In preparation for this book review, I thought to ask Father Joseph Fessio, S.J., the founder and editor of Ignatius Press, a few questions about the book to which Father Fessio has kindly responded. I will present that brief interview here first, before discussing the book itself.

Q: What was the reason why you accepted to publish Pentin's book on the manipulations at the last Synod?


Father Fessio: We decided to publish it because it was an accurate, well-researched account of the ways in which the extraordinary synod of 2014 was manipulated in an attempt to shape the outcome according to the agenda of an activist minority. Pope Francis has called for greater transparency in the Church and we are doing what we can to help him achieve that.

Q: What is your own reasoning concerning the problem as to how to present potentially scandalous material about events in Rome without thereby undermining the authority of Rome?

Father Fessio: In my experience, attempts to avoid scandal have led to much greater scandal. Innocent people should be protected. Those who are not innocent have themselves to blame if their machinations are made public.

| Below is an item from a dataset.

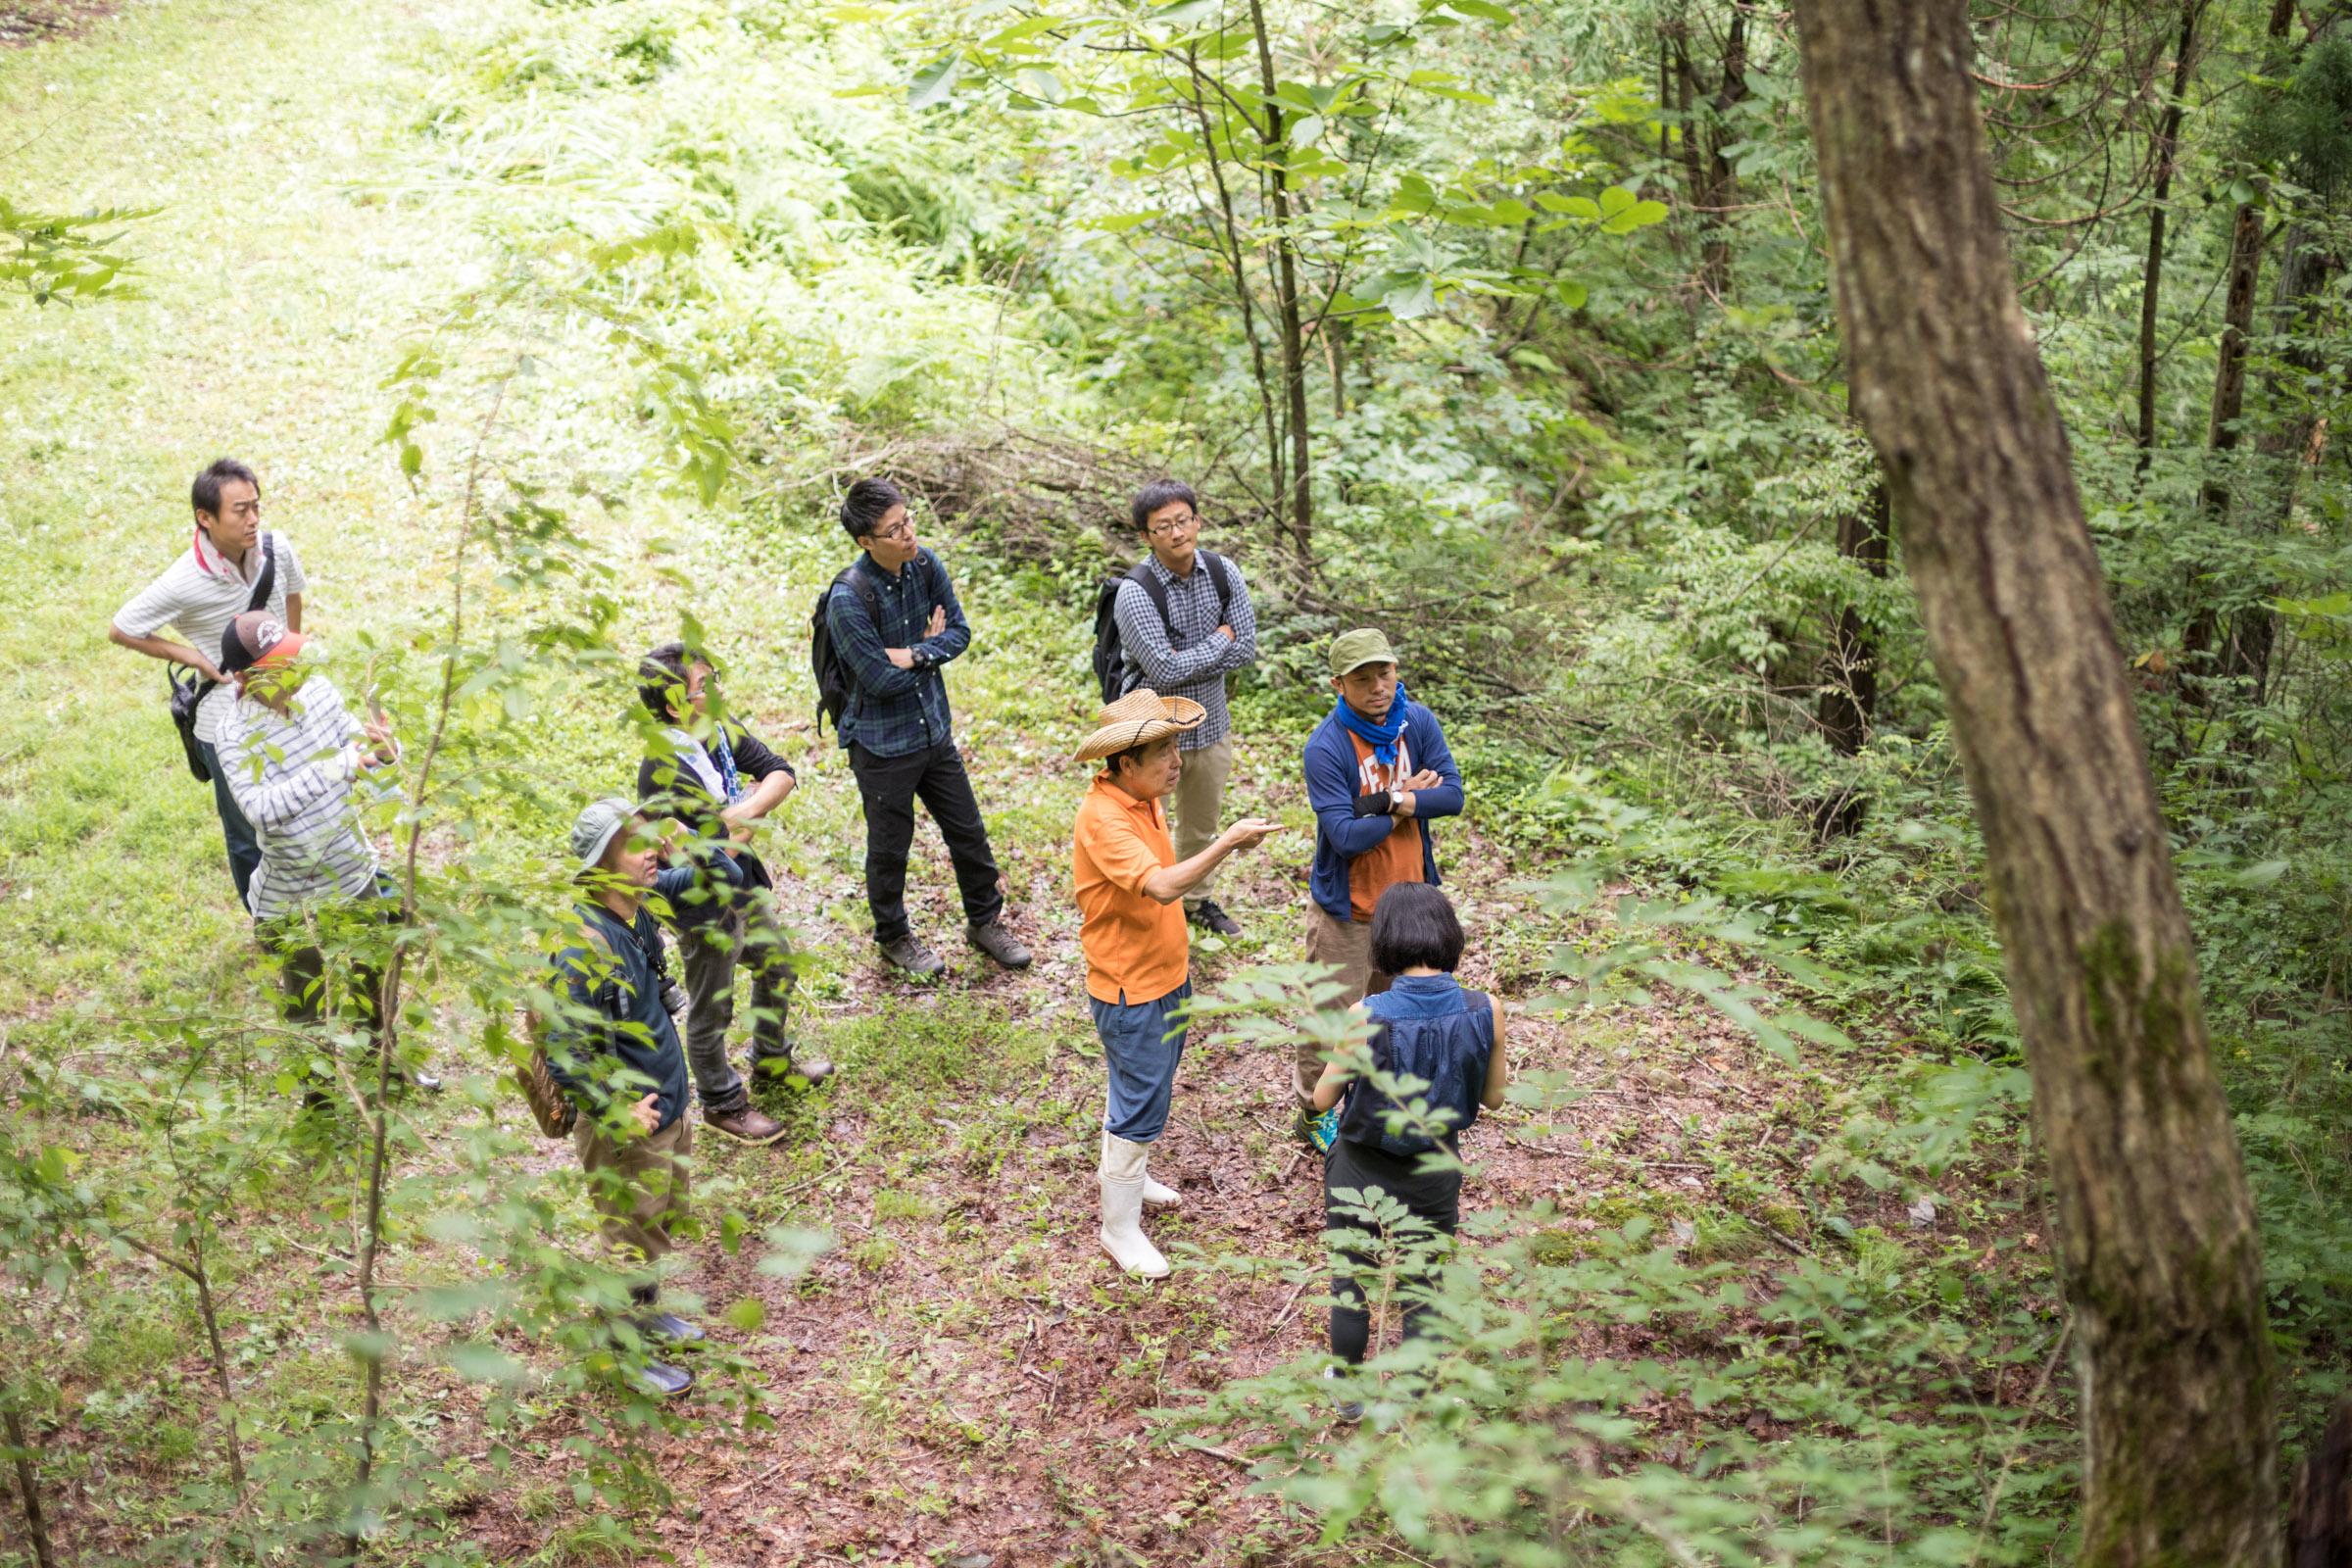 岐阜県飛騨市にある森を地元の森主のガイドで歩いた合宿

Q: What are your own expectations about the upcoming 2015 Synod in Rome? Are we again to expect another undue influencing of the discussions, and of the later presentations of those discussions to the public?

Father Fessio: Because of the reporting of Edward Pentin and others like him, it will be much more difficult for anyone to have an undue influence on the outcome of the synod. There is now a heightened level of scrutiny and awareness on the part of all synod participants.

Q: In your eyes, how will the recent September 8 move by Pope Francis, to make the annulment process easier, affect the discussions to be held at the upcoming Synod?

Father Fessio: Some will say it reduced the need for the “Kasper accommodation”. Others will say (and have already said) it is a step in the right direction but it doesn’t go far enough. Still others will express concern about the confusion that has resulted both from some of the provisions of the new motu proprio itself, and from of the process by which it was prepared and announced.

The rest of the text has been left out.